The Adaptivity Barrier in Batched Nonparametric Bandits: Sharp Characterization of the Price of Unknown Margin

Abstract: We study batched nonparametric contextual bandits under a margin condition when the margin parameter $\alpha$ is unknown. To capture the statistical price of this ignorance, we introduce the regret inflation criterion, defined as the ratio between the regret of an adaptive algorithm and that of an oracle knowing $\alpha$. We show that the optimal regret inflation grows polynomial with the horizon $T$, with exponent precisely given by the value of a convex optimization problem involving the dimension, smoothness, and batch budget. Moreover, the minimizers of this optimization problem directly prescribe the batch allocation and exploration strategy of a rate-optimal algorithm.
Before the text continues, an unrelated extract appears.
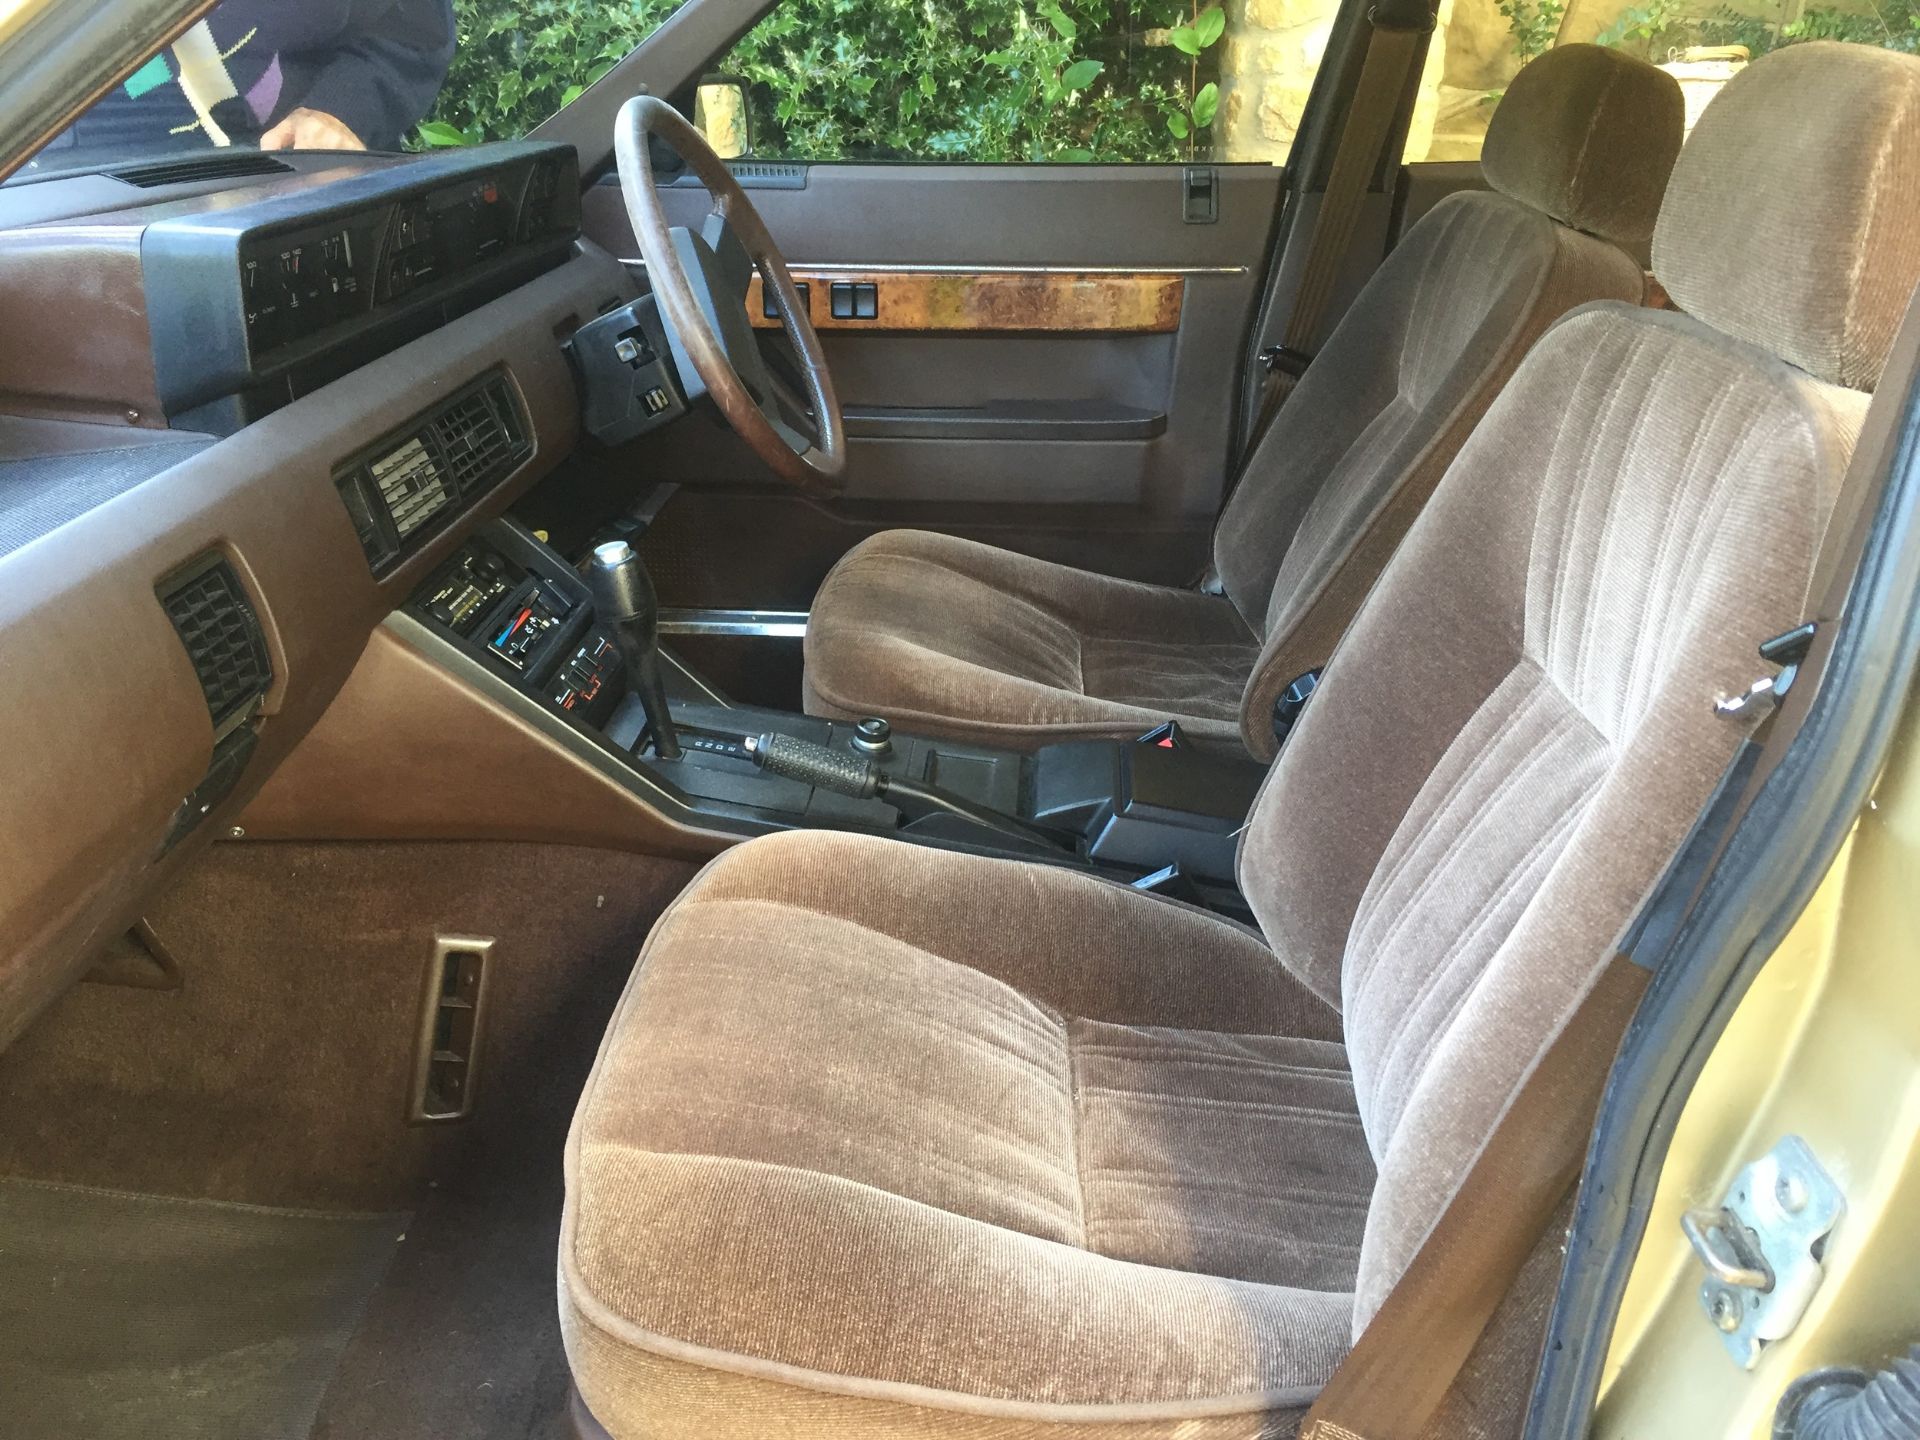 1984 Rover SD1 2300S Registration number A907 KDU Champagne Gold metallic Automatic Low miles - Image 9 of 14

Building on this principle, we develop RoBIN (RObust batched algorithm with adaptive BINning), which achieves the optimal regret inflation up to logarithmic factors. These results reveal a new adaptivity barrier: under batching, adaptation to an unknown margin parameter inevitably incurs a polynomial penalty, sharply characterized by a variational problem. Remarkably, this barrier vanishes when the number of batches exceeds $\log \log T$; with only a doubly logarithmic number of updates, one can recover the oracle regret rate up to polylogarithmic factors.